Task statement ▸ Your output should match the listing below word for word, without any images.

Data segment ▸
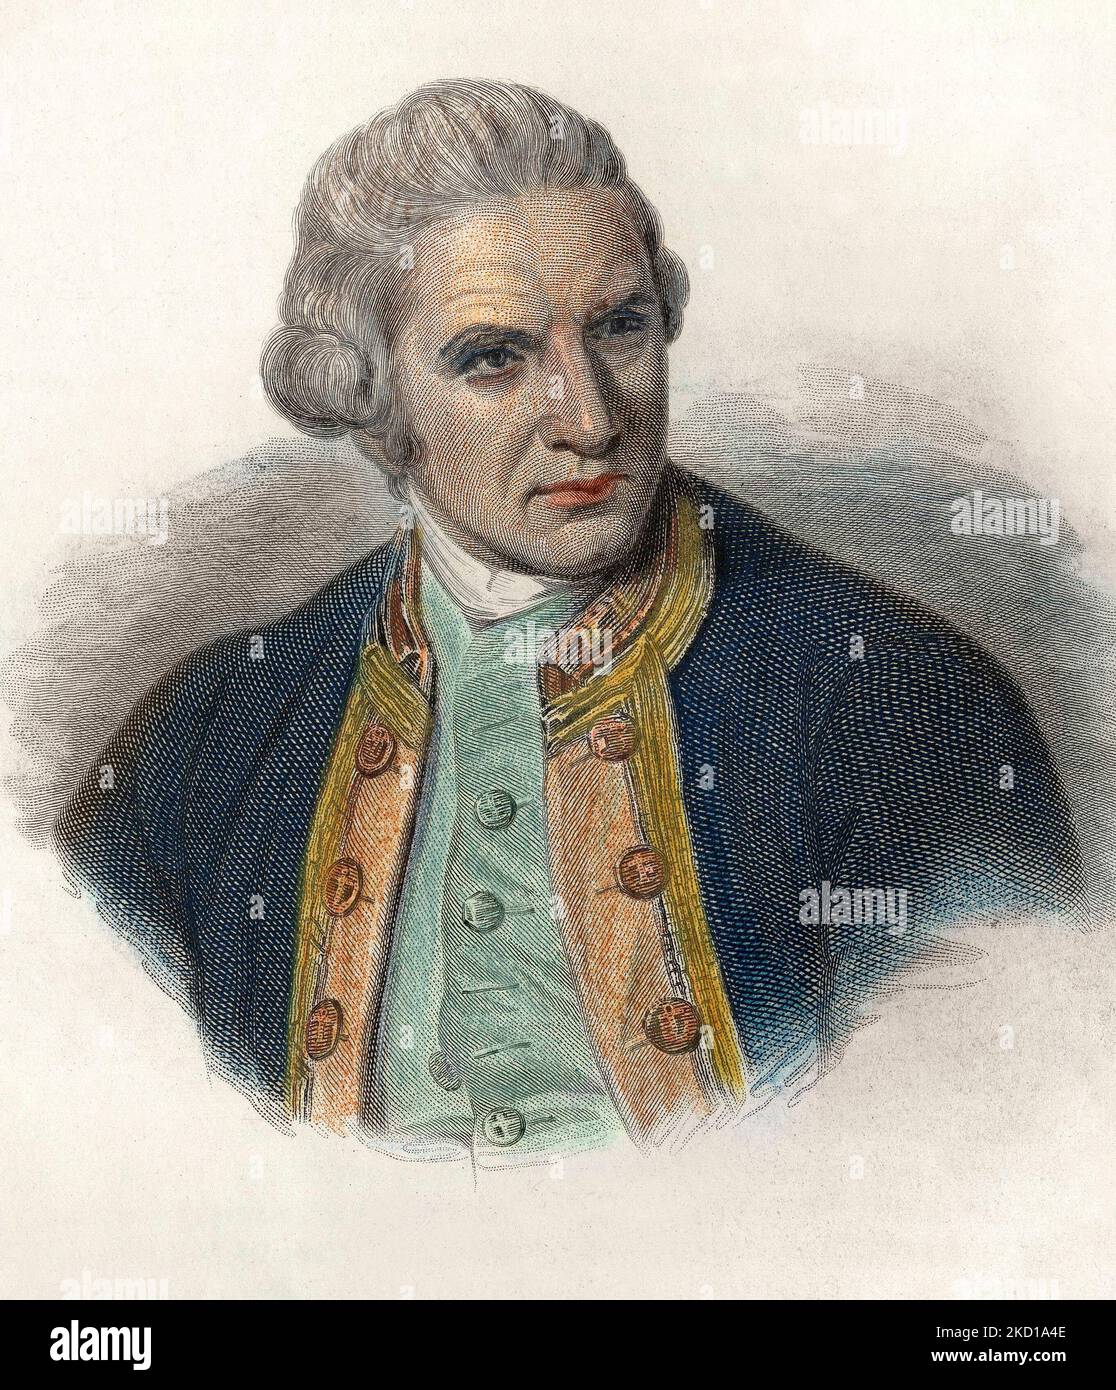 Portrait de James Cook (1728-1779), navigateur anglais. 1833 Stock Photo
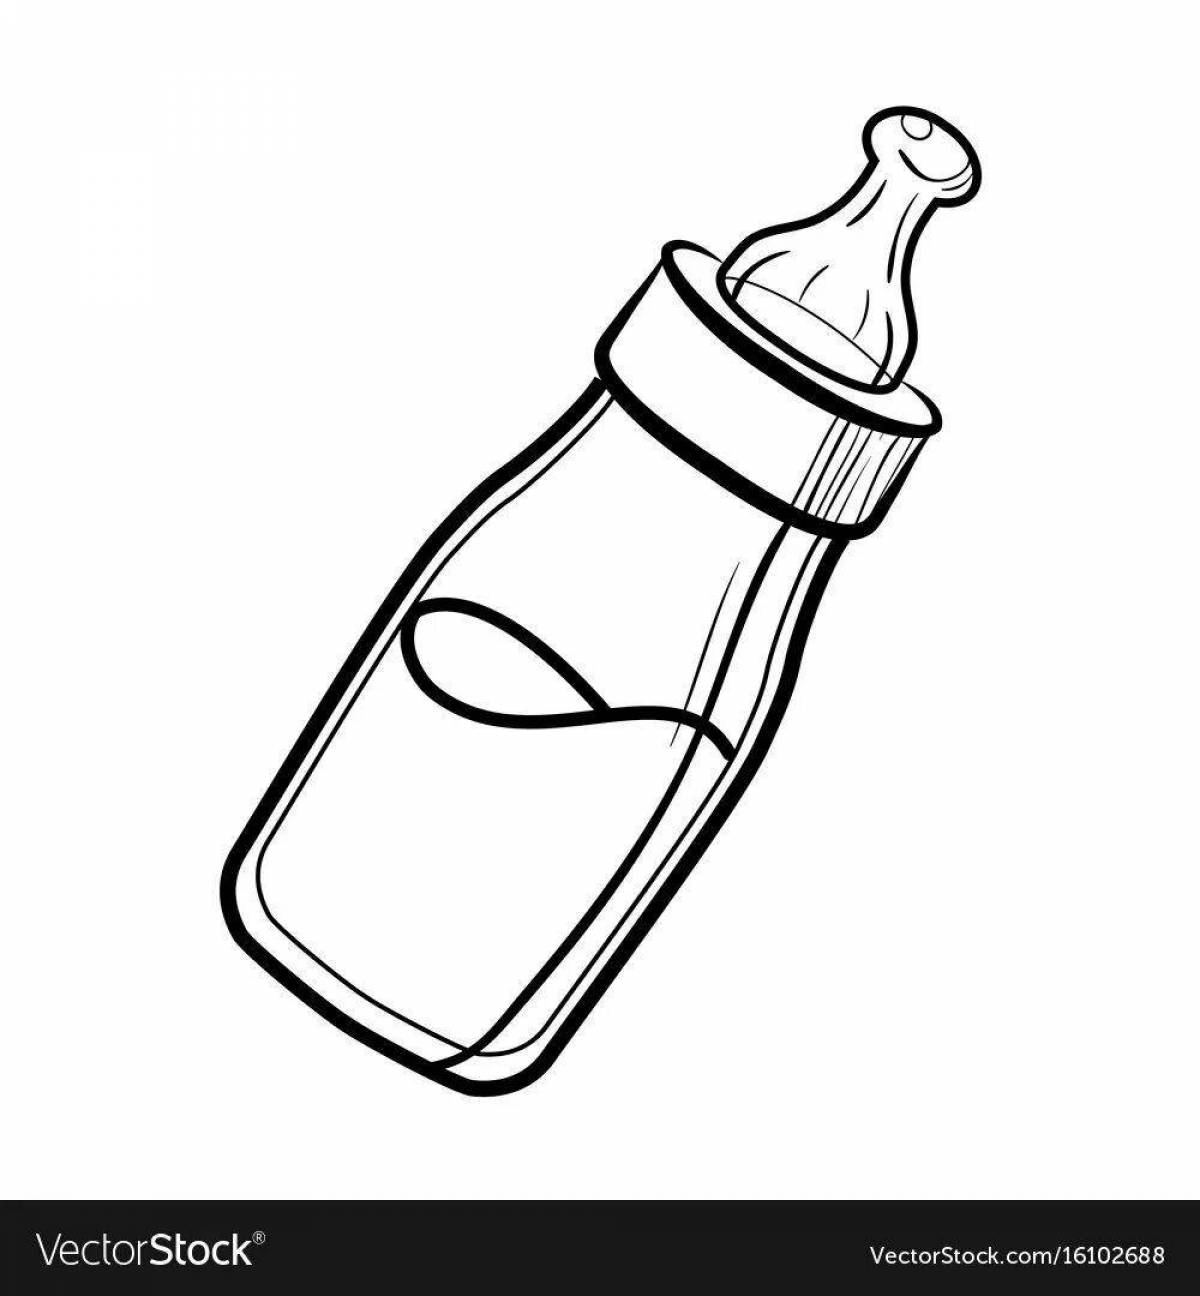 Children's bottle #10
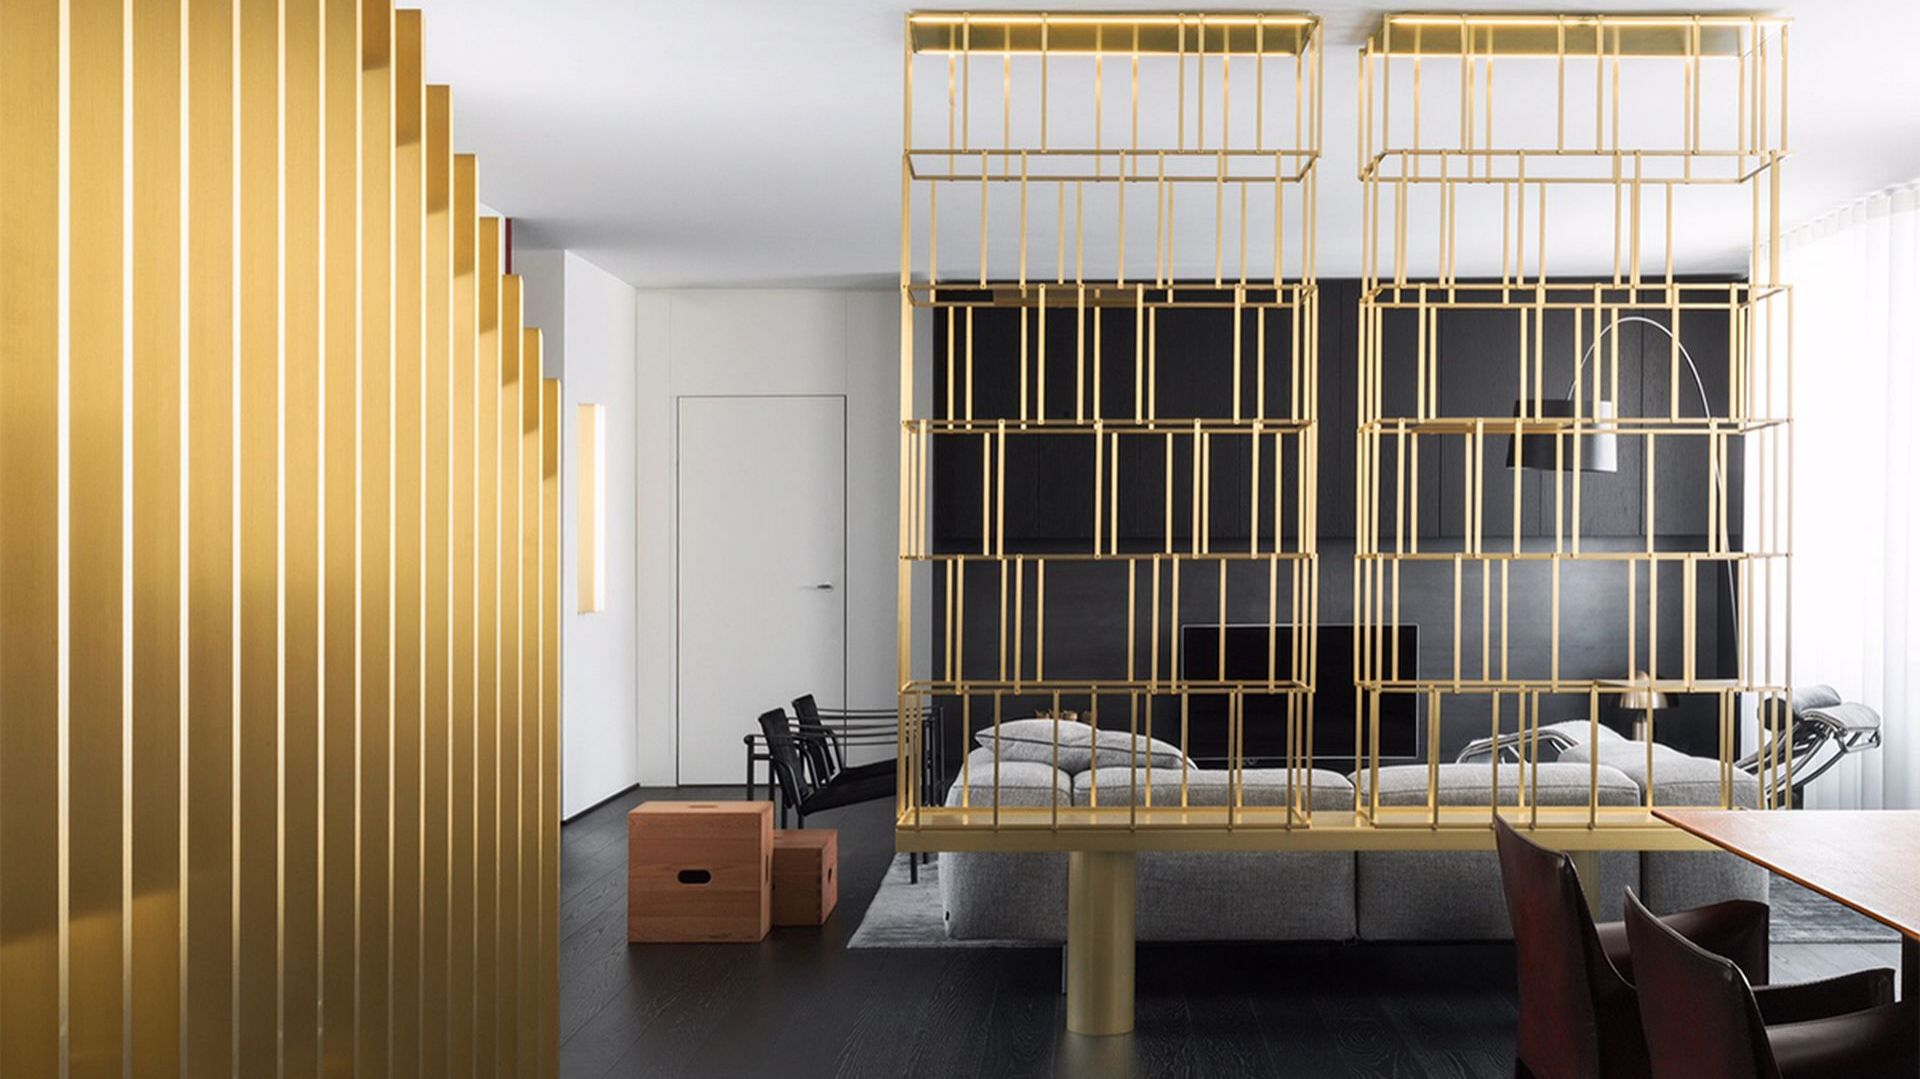 Mediolański apartament zaprojektowany przez duet uznanych architektów. Piękny design, nowoczesne meble

Answer space ▸
 Portrait de James Cook (1728-1779), navigateur anglais. 1833 Stock Photo
 Children's bottle #10
 Mediolański apartament zaprojektowany przez duet uznanych architektów. Piękny design, nowoczesne meble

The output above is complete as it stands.